Casa de Piedra’s Wines and Shellfish in Valle de Guadalupe


How Casa de Piedra Captures the Essence of Baja California’s Wine and Cuisine

We are thrilled to be here on the estate of Hugo D’Acosta, one of Mexico’s most renowned oenologists.

He has a hand in many wine projects, and he also founded La Escuelita, a leading training center for the wine industry.

His name is always mentioned sooner or later in any conversation about Valle de Guadalupe.

Casa de Piedra Wines

“Welcome to Casa de Piedra!” Abimael greets us with a sparkle in his eyes in the tasting room.

For the next hour, he will not only guide us through the tasting of Casa de Piedra wines, but he will also teach us a lot. He talks passionately about the vines, the terroir, and the identity of Baja California.

He pours the first glass and tells us that Casa de Piedra is a relatively small vineyard of 1.8 hectares.

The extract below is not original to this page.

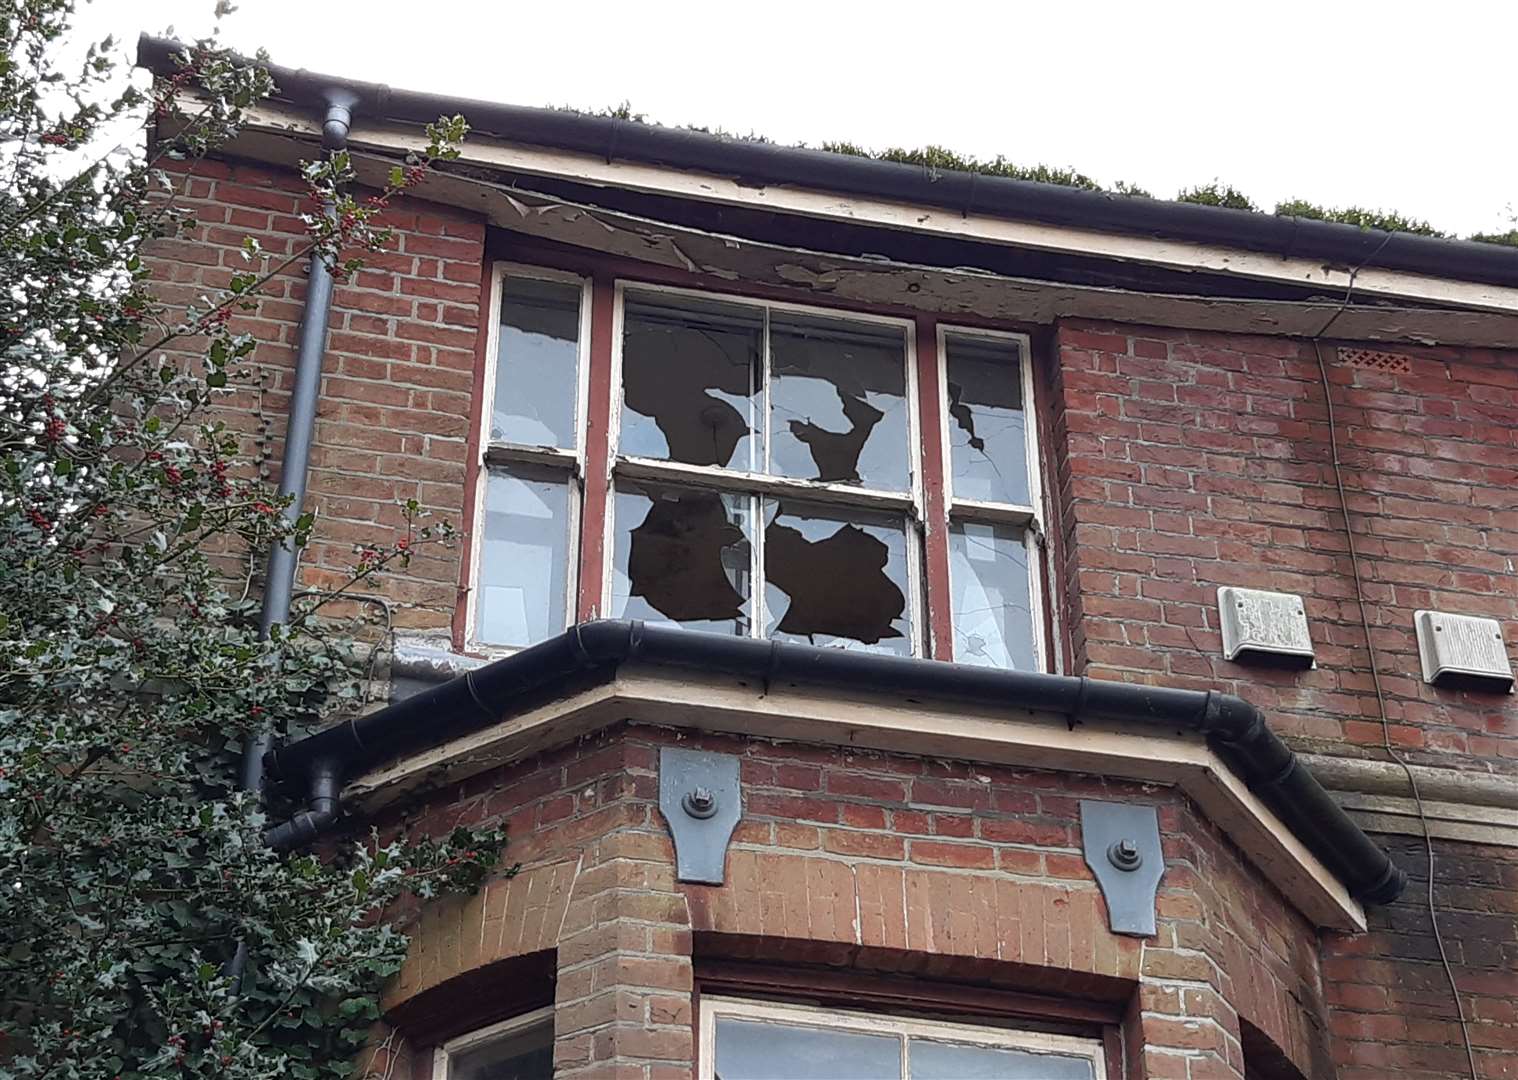 Several windows are smashed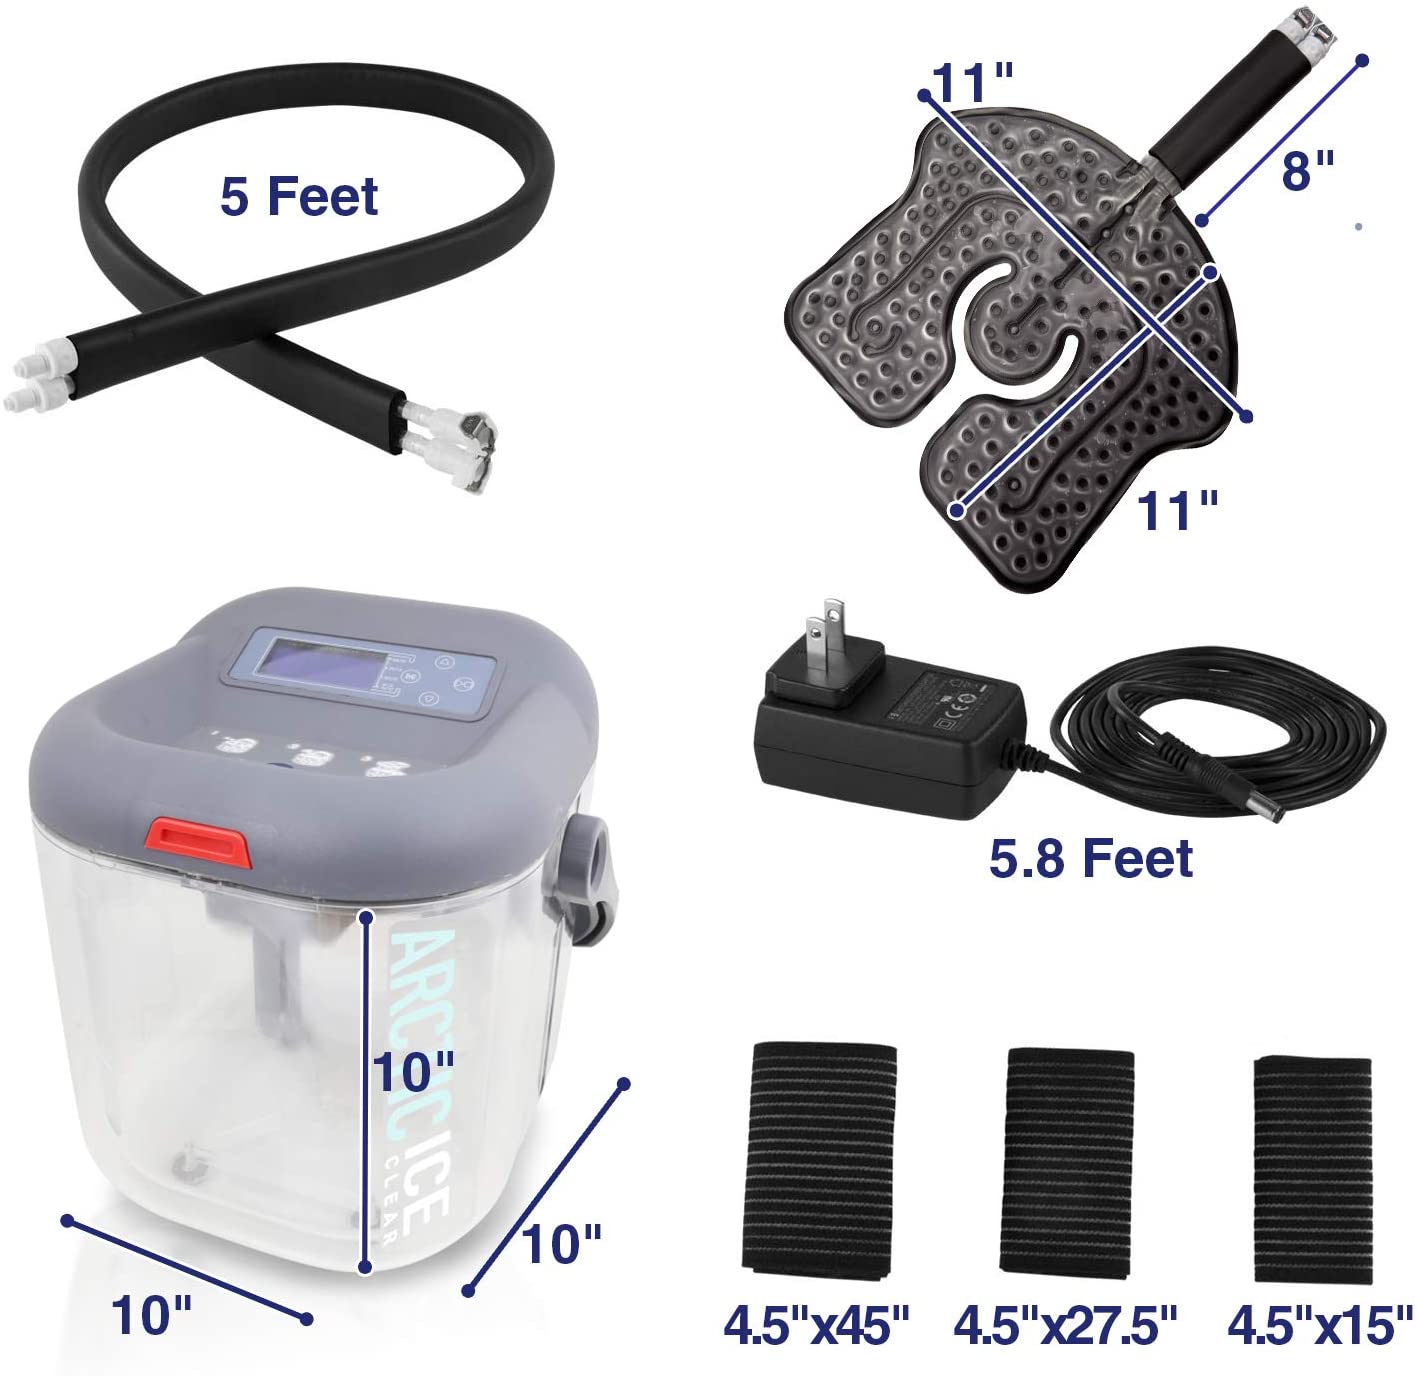 Cold Therapy Machines for Home Use at

The Chardonnay grapes for the Piedra del Sol white wine and sparkling wine come from here. The other grape varieties are sourced from producers who are part of the Vyva cooperative, which he belongs to.

We start with Espuma de Piedra Rosé, a sparkling wine made with the traditional method.

It has a bright, elegant pink color, a fruity aroma, and abundant, fine bubbles. It is fresh and easy to drink by itself, but it would also pair well with seafood.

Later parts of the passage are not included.